Seven people were killed in a gas explosion at a coal mine in the northern Mexican state of Coahuila on July 25. The miners, aged between 20 and 39, suffered severe burns and were crushed by falling rocks, according to Francisco Contreras Obregon, the head of the state’s civil defence force.

A local pressure group says 30 miners died in accidents in Coahuila coal mines in 2011
A local pressure group says 30 miners died in accidents in Coahuila coal mines in 2011

Rescue workers said they had been able to retrieve the bodies, all of whom came from the same family and worked in the mine in Muzquiz.
Methane gas explosions are one of the main dangers in small-scale mining. In 2006, 65 miners died in an explosion at a mine in Pasta de Conchos, also in Coahuila.
Police official Francisco Martinez said that "all indications are that the explosion was caused by a pocket of accumulated gas".

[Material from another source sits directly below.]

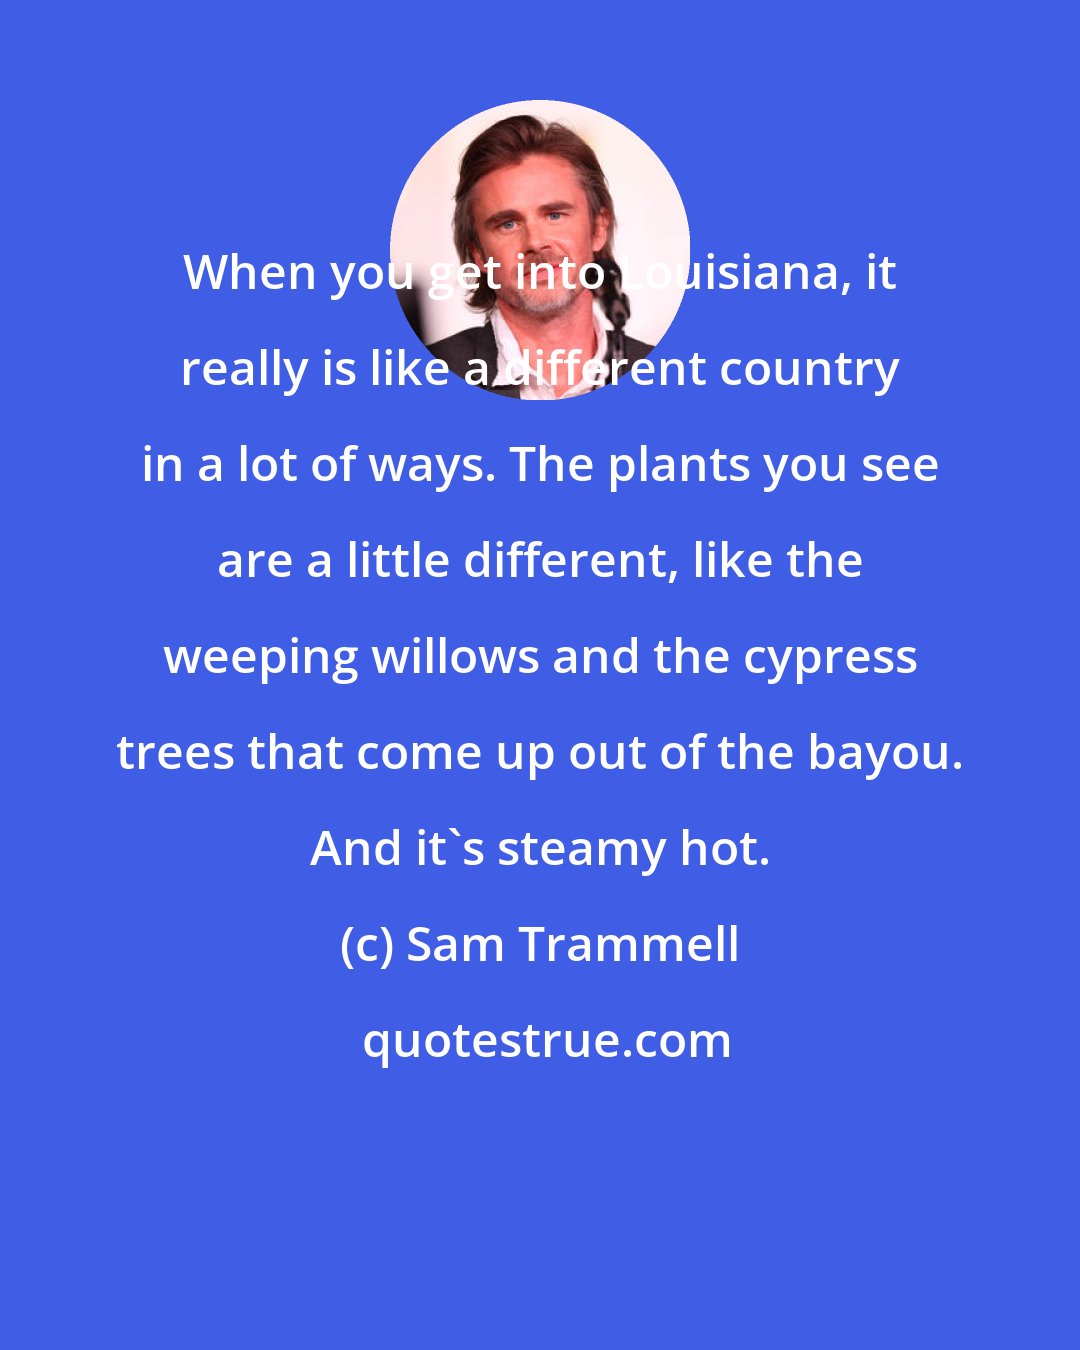 Sam Trammell: When you get into Louisiana, it really is like a different country in a lot of ways. The plants you see are a little different, like the weeping willows and the cypress trees that come up out of the bayou. And it's steamy hot.

Juan Antonio Ibarra, of the Coahuila emergency services, said the explosion had happened some 75 metres underground. He said the rescue operation had to move slowly because of the need to ventilate the mine to prevent another explosion.
The Mexican labour ministry said the mine, which is owned by El Progreso mining company, had been fined over lax security in the past. The mine had been inspected 16 times since 2009 and access restrictions were enacted as recently as June after inspectors found it lacked emergency exits, the ministry added.
According to a pressure group founded by relatives of mining victims, 30 people died in accidents in Coahuila's coal mines in 2011. The group, Relatives of Pasta Concho, says at least 50,000 people work in Coahuila's coal mines, many of which are unregulated and lack safety measures.